> Task description: In the listing that follows, print every line exactly and leave the images out.

━━ Information supplied

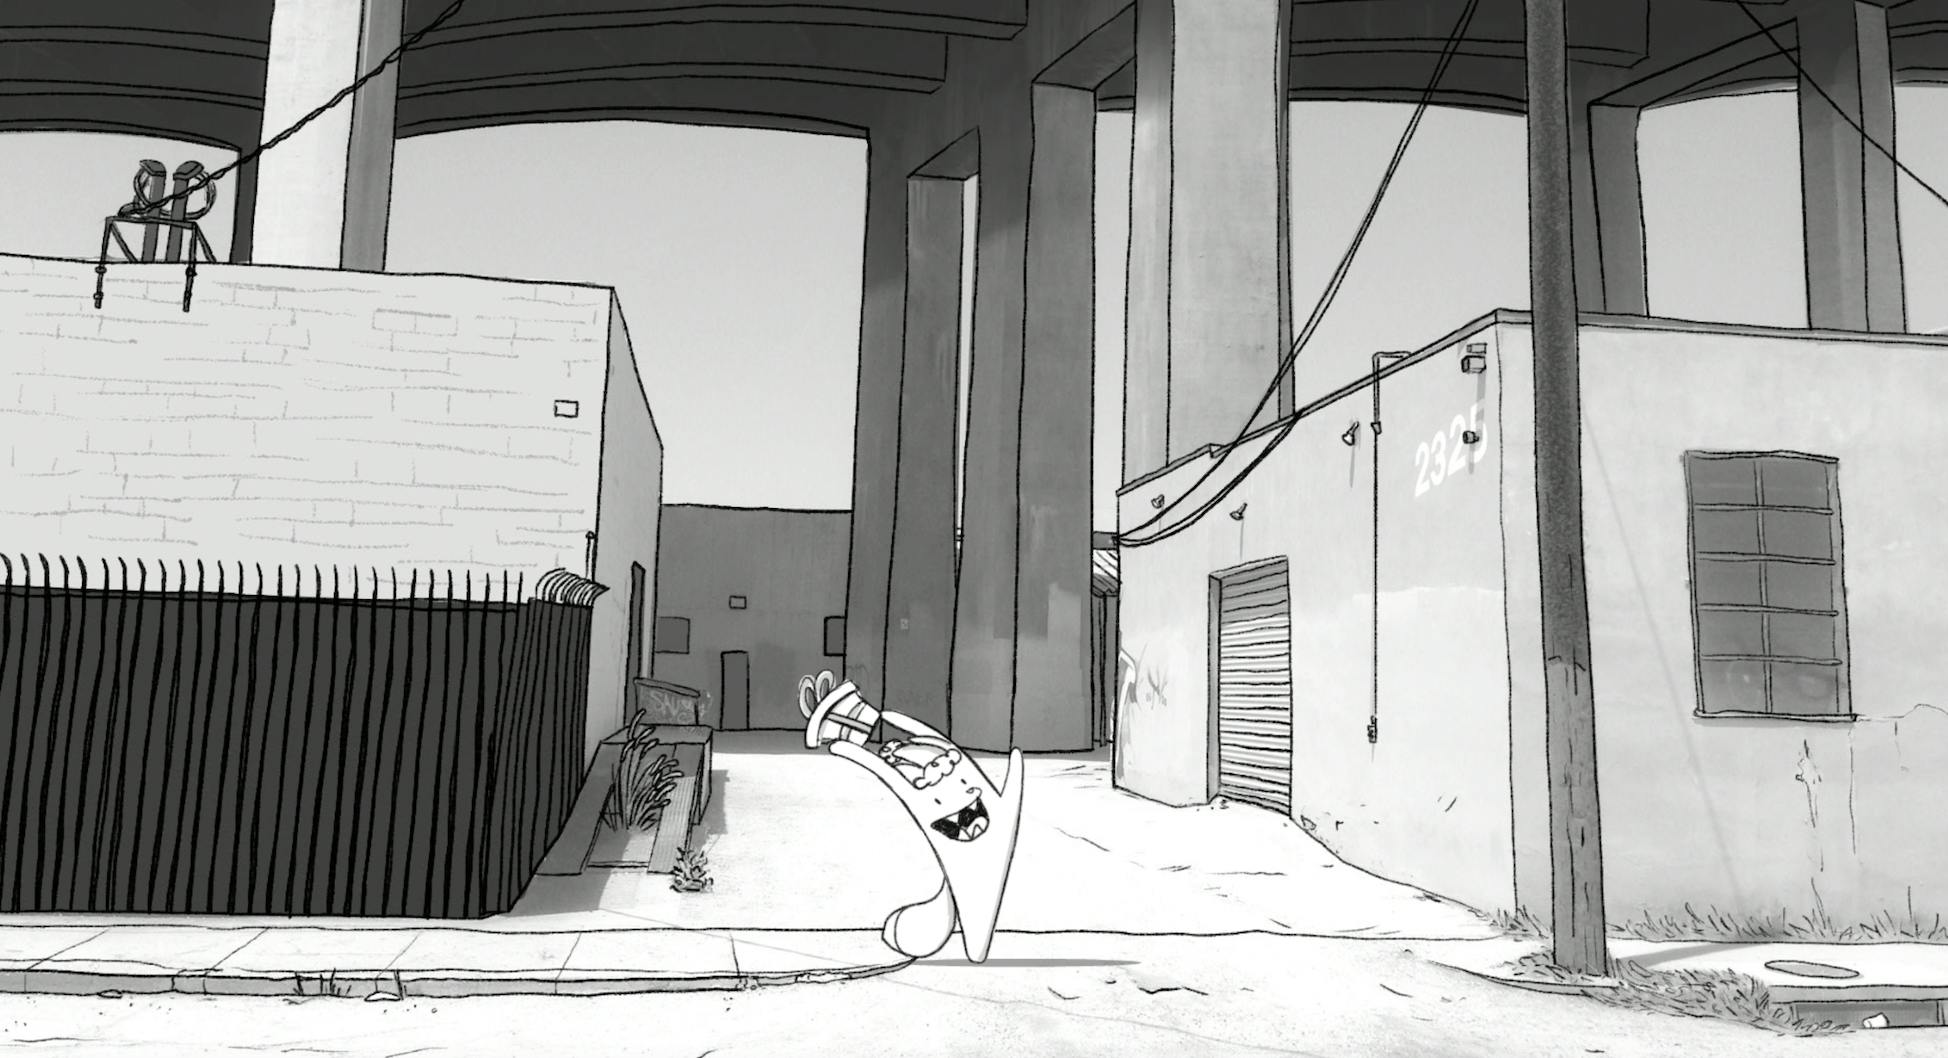 Cartoon character dancing in an industrial district
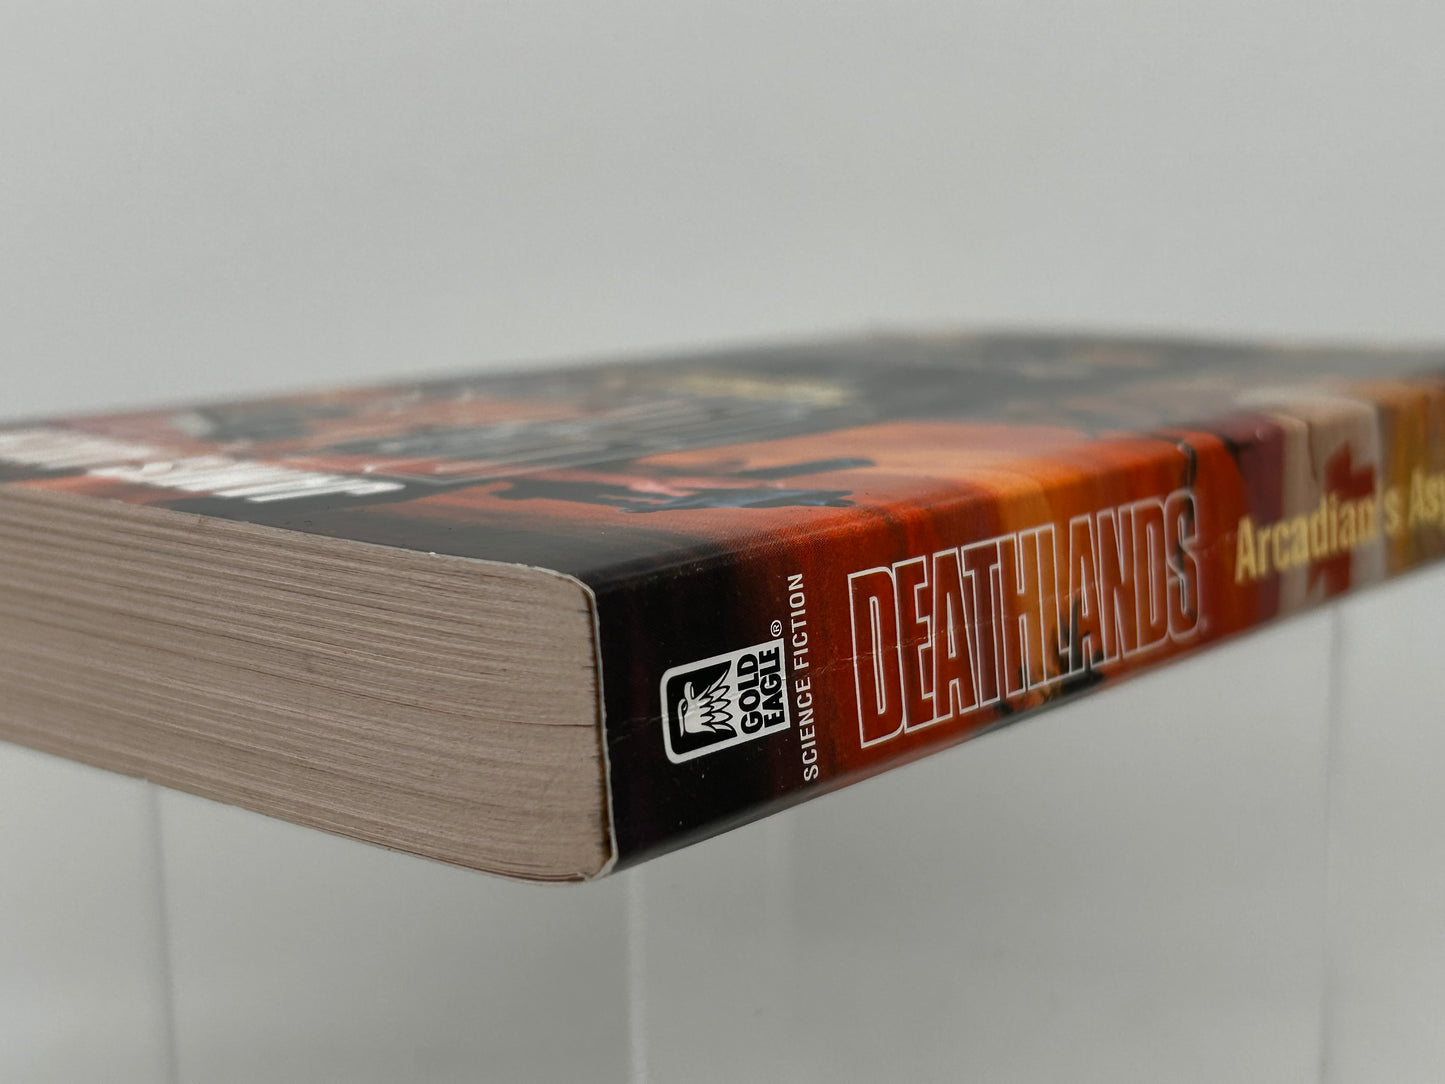 Death Lands: Arcadian's Asylum GOLD EAGLE Paperback James Axler SF11
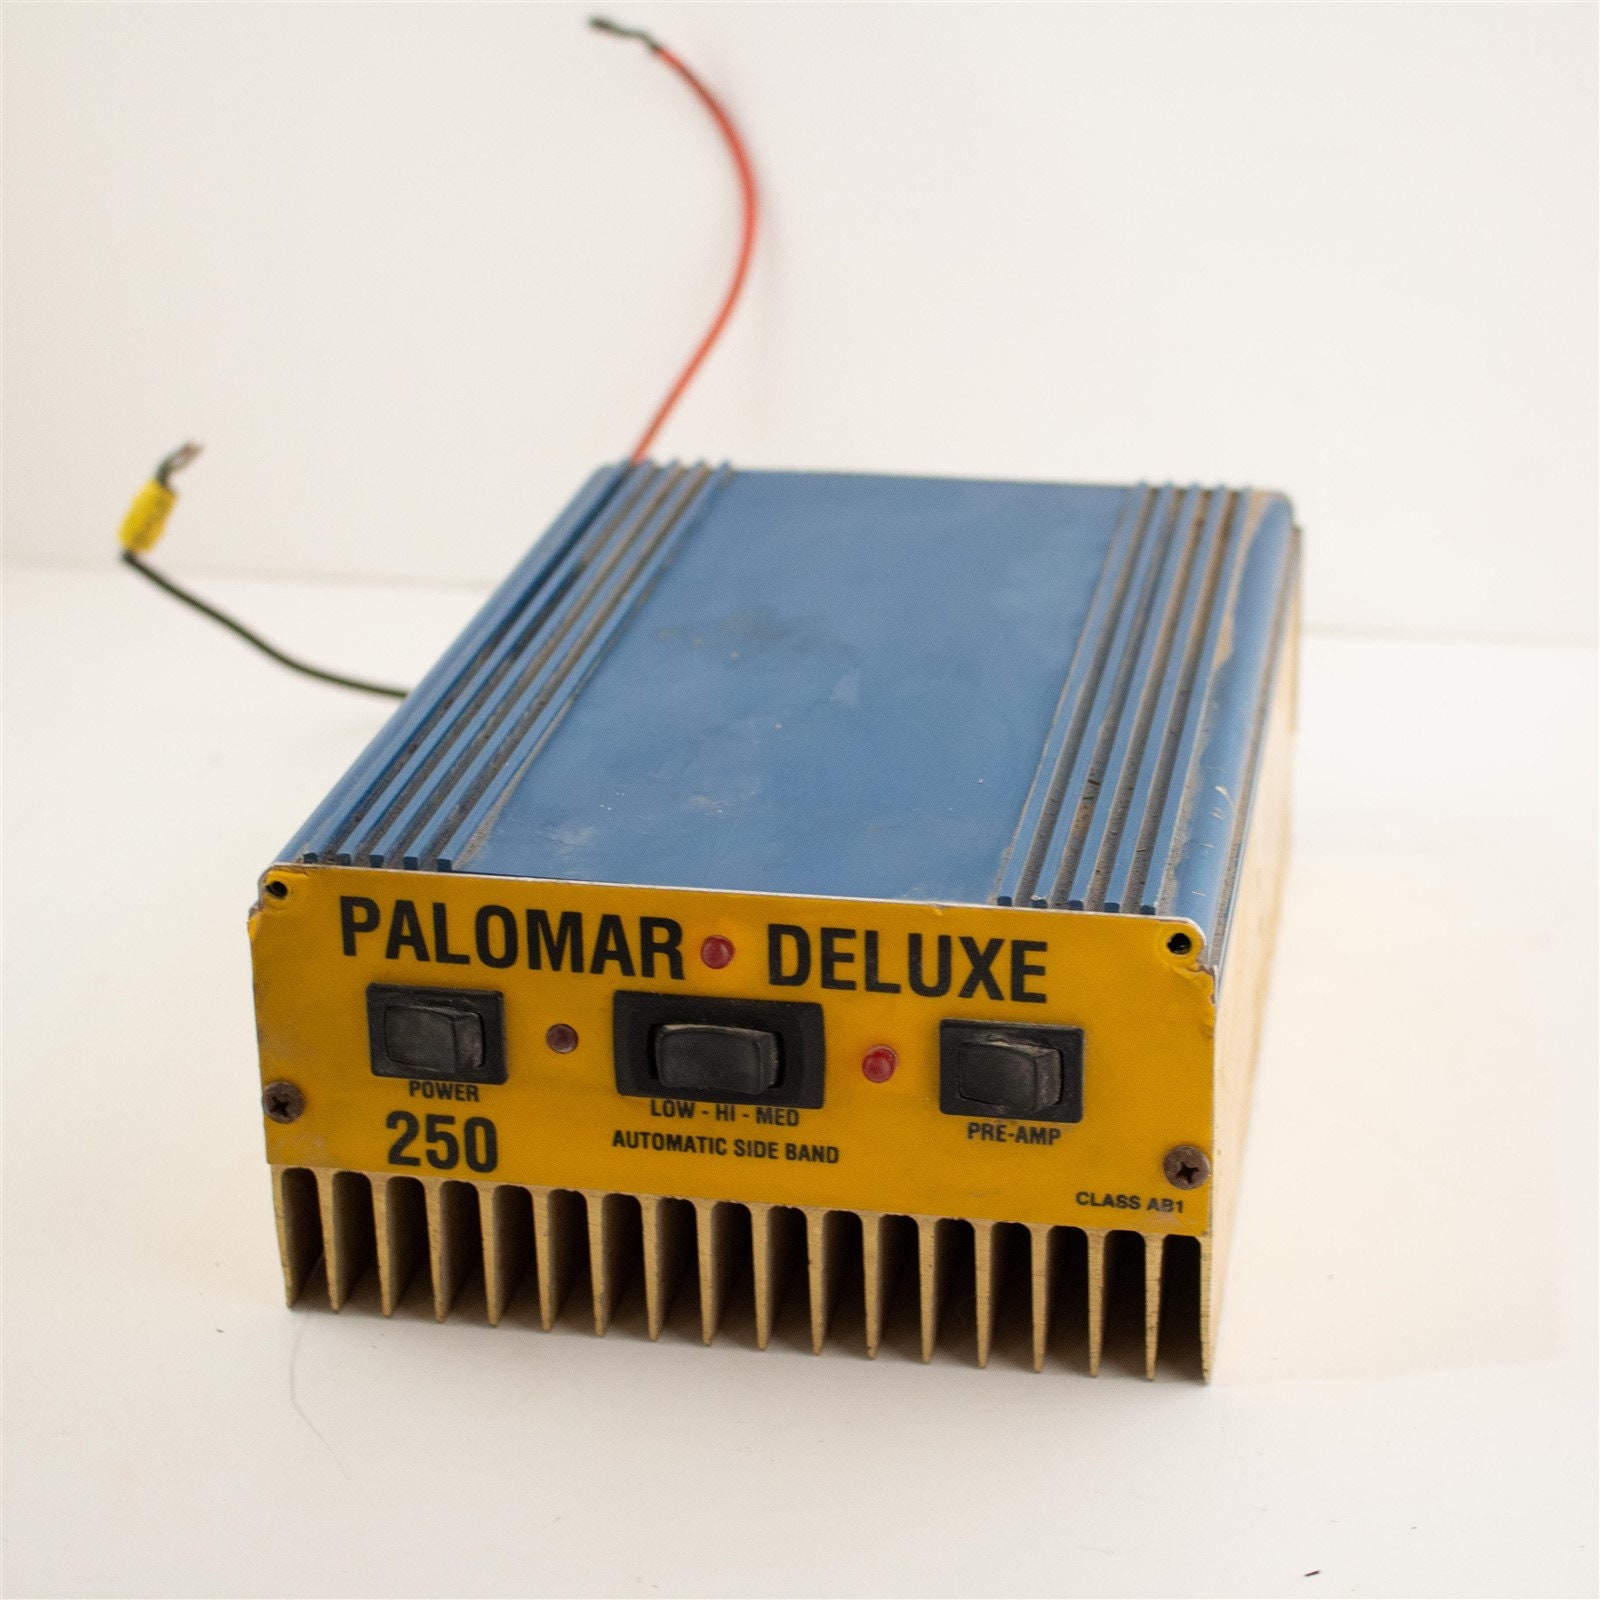 Palomar Deluxe 250 Linear CB Amplifier powers Up
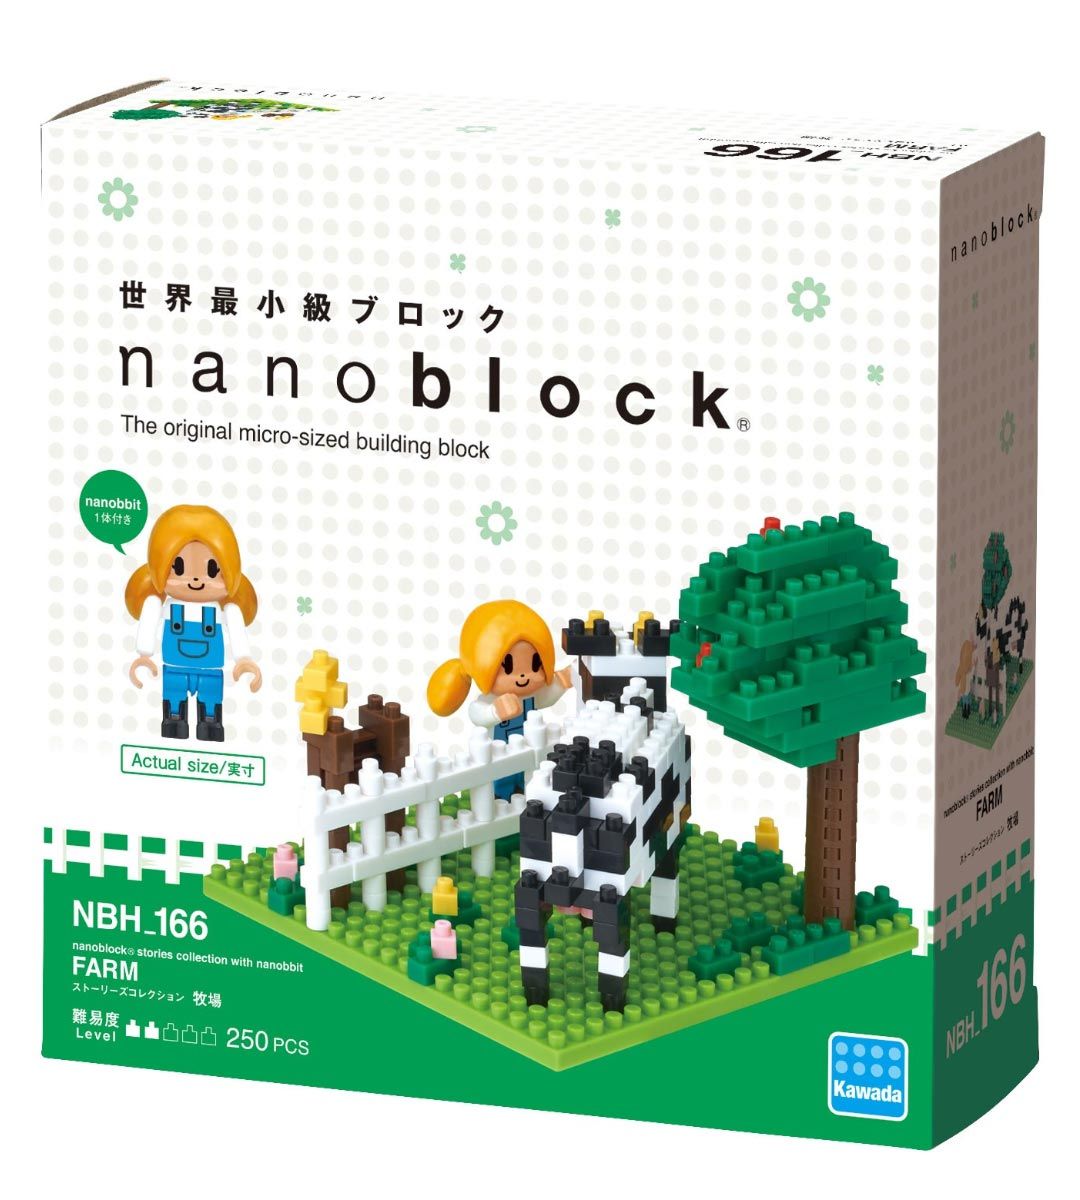 Nanoblock - Farm- Stories collection with nanobbit

━━━━

> Expected answer:
 Cartoon character dancing in an industrial district
 Death Lands: Arcadian's Asylum GOLD EAGLE Paperback James Axler SF11
 Palomar Deluxe 250 Linear CB Amplifier powers Up
 Nanoblock - Farm- Stories collection with nanobbit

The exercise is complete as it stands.